As the first late-spring warmth reaches Europe, the art world turns its attention to two unmissable events: the Venice Biennale – whose eventful launch week just wrapped – and Art Basel’s flagship fair in Basel. Both draw the world’s leading artists, curators, collectors, institutions, and art lovers. This year, they have more in common than ever.

The connection between the two feels especially strong in light of Koyo Kouoh’s lasting influence.

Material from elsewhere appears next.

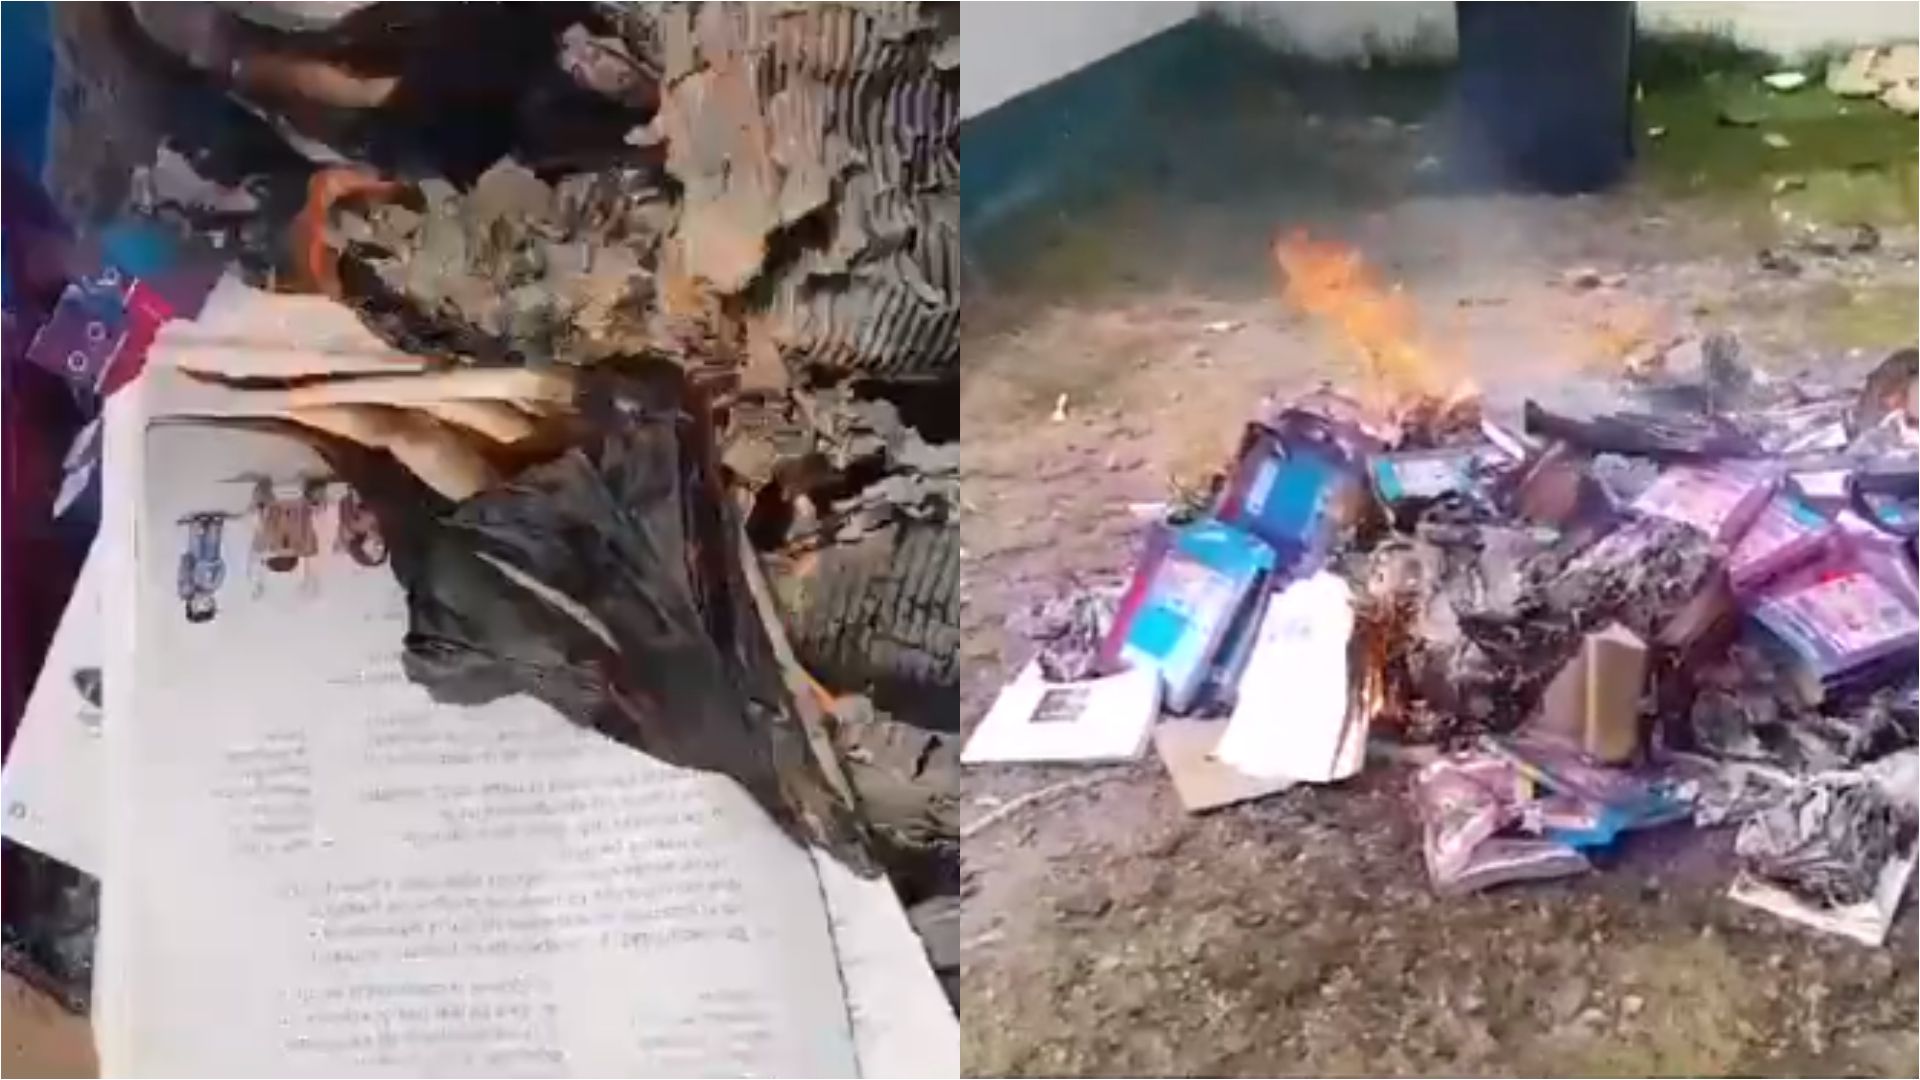 AMLO reacciona a la quema de libros de texto en Chiapas: “Están manipulados”

Kouoh, the Swiss-Cameroonian curator who shaped this year’s Biennale before her death in May 2025, was a part-time Baseler and deeply rooted in Basel's cultural life. She also served as a jury member for the inaugural Art Basel Awards. Her Venice exhibition, ‘In Minor Keys’, asks visitors to slow down and look to art for solace rather than spectacle. Themes of memory, identity, healing, materiality, and visibility run like undercurrents through her show, alongside a deep commitment to artists from the Global South and its diasporas.

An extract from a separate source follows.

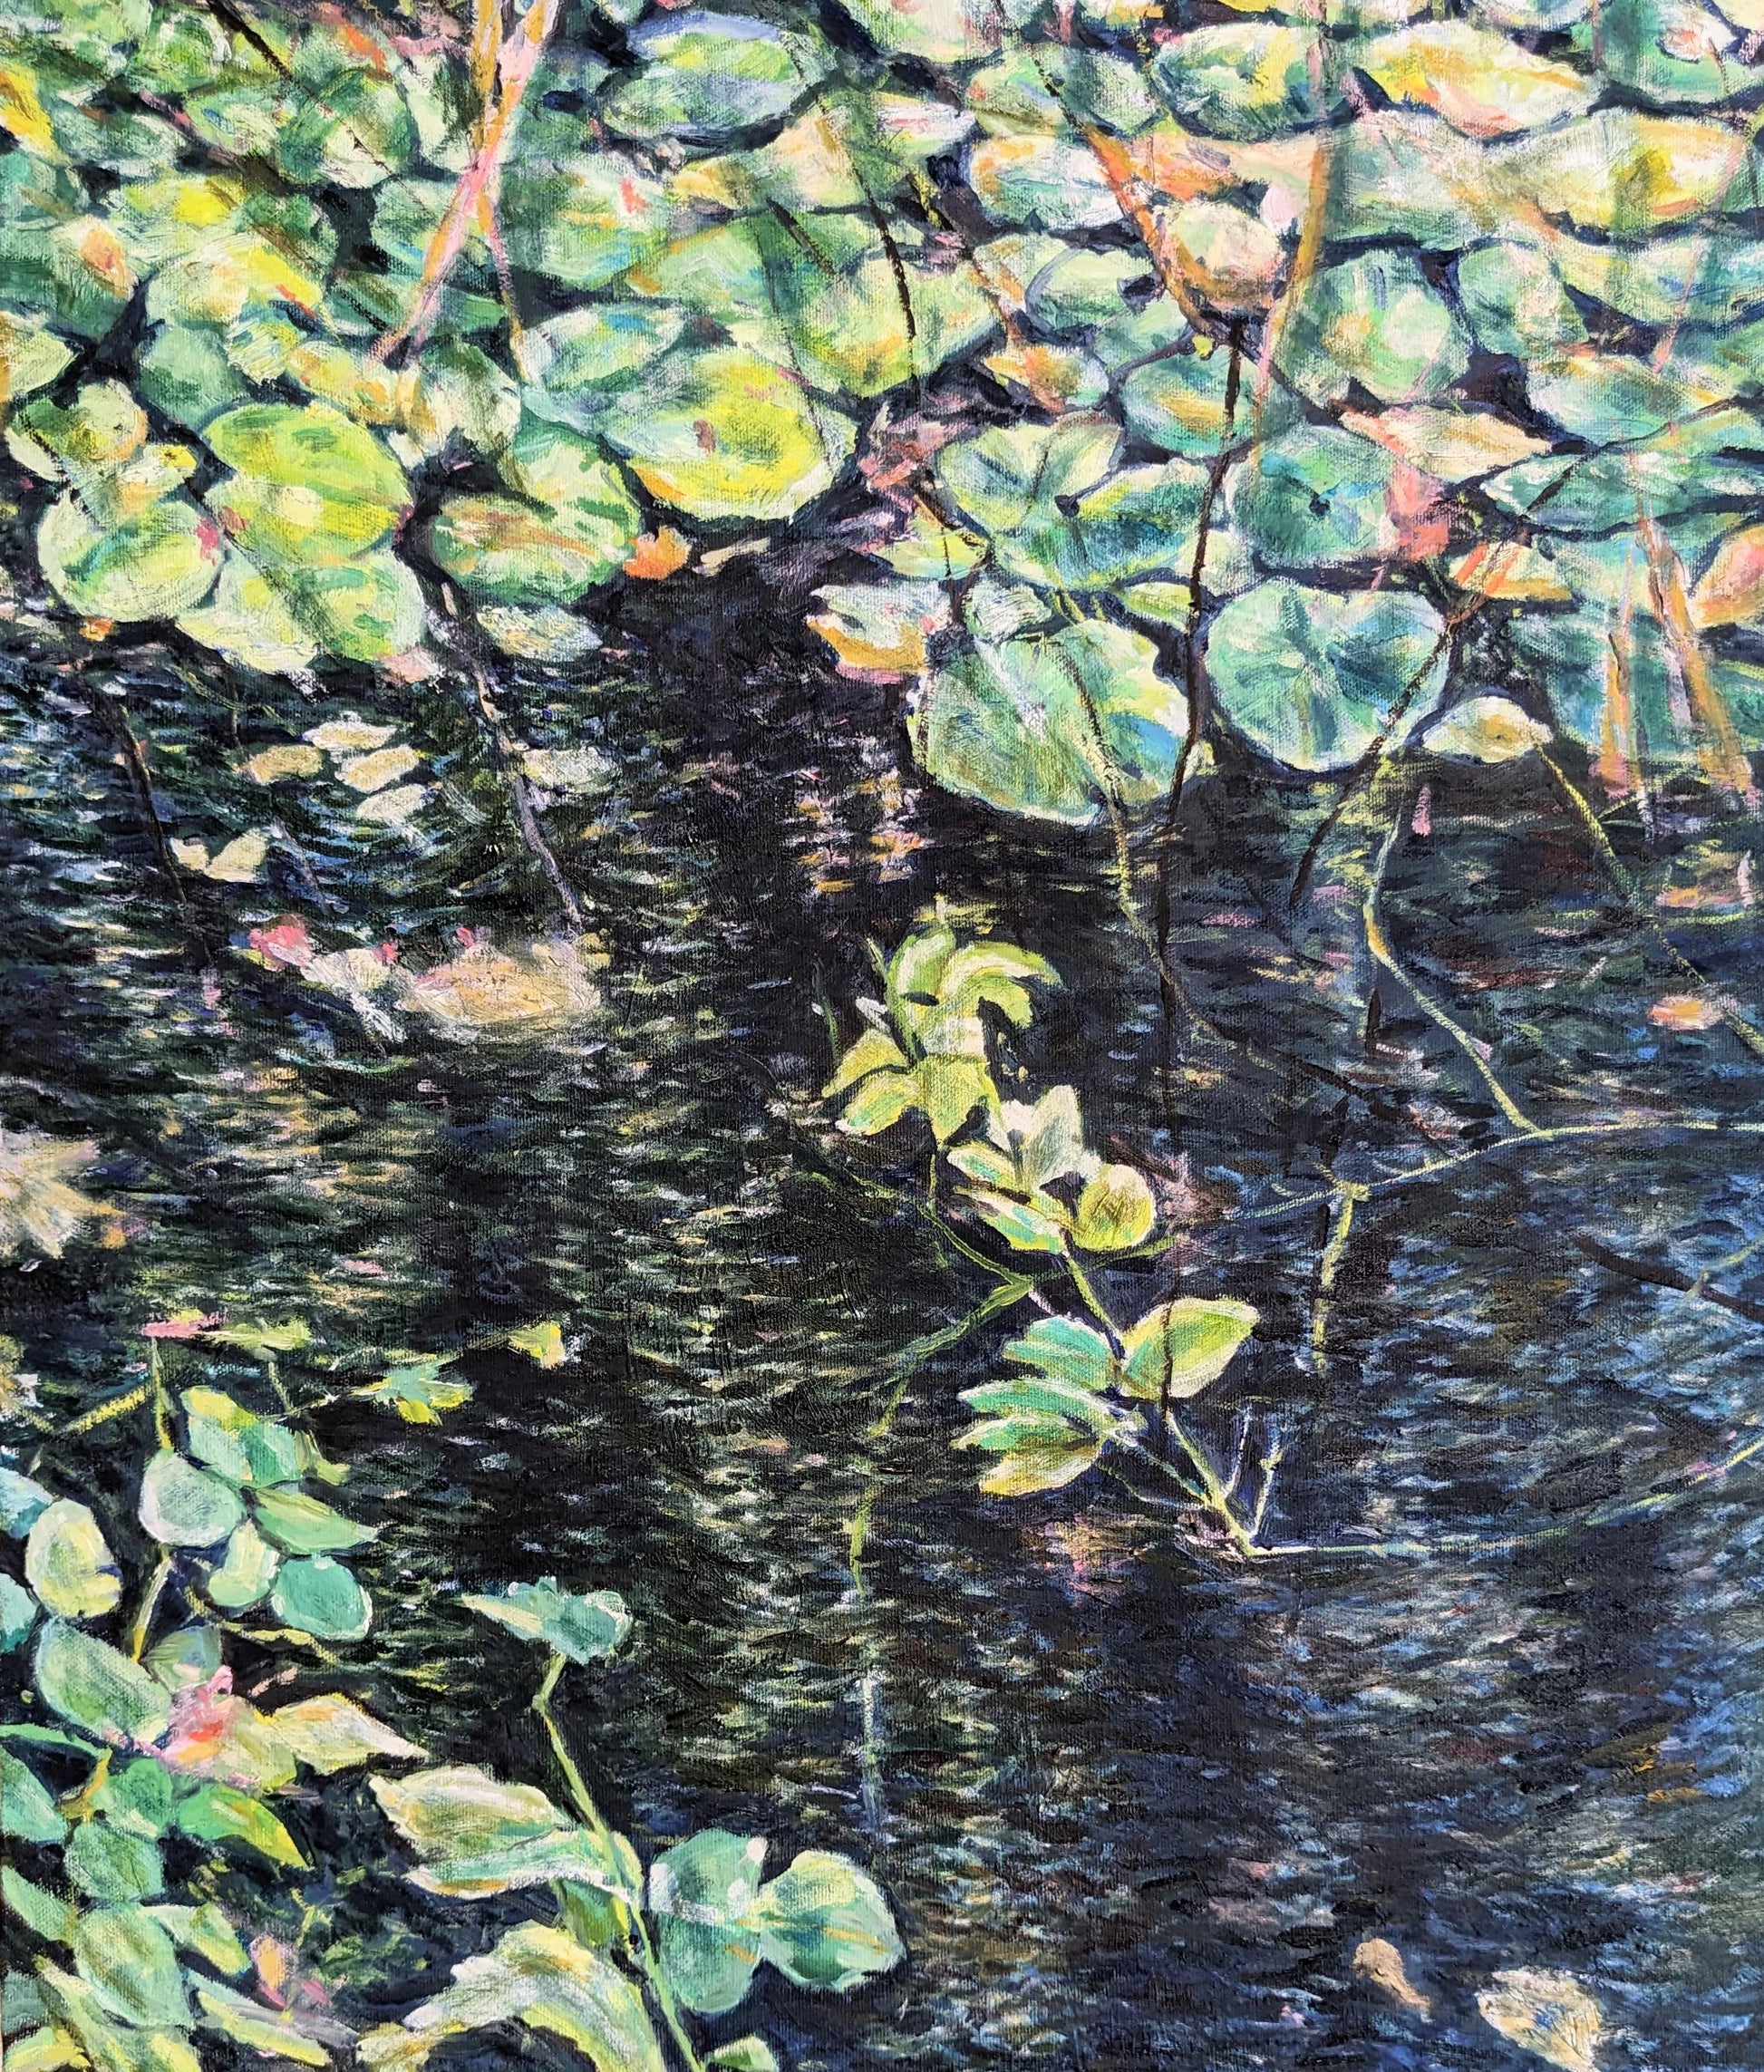 『湧き池(Spring pond)』 - FROM ARTIST

Those same currents will run straight into Basel this June. Here are the artists exploring urgent topics and shaping conversations in Venice, all set to command attention on the fair floor in Basel.

On healing and the body

Guadalupe Maravilla (P·P·O·W, mor charpentier)

61st International Art Exhibition

Guadalupe Maravilla was 8 years old when he crossed the US border alone, part of the first wave of unaccompanied children to do so during the Salvadoran Civil War. Decades later, a cancer diagnosis prompted him to look back to his roots and the healing rituals of his ancestry. From this has come a compelling practice built around healing. Maravilla’s ‘Disease Thrower’ series incorporates gongs, shrines, and headdresses made from found materials and activated during sound ceremonies. The powerful, colorful El Brujo Disease Thrower (2024), on view in Venice, is a throne that includes objects collected while retracing his original migration route.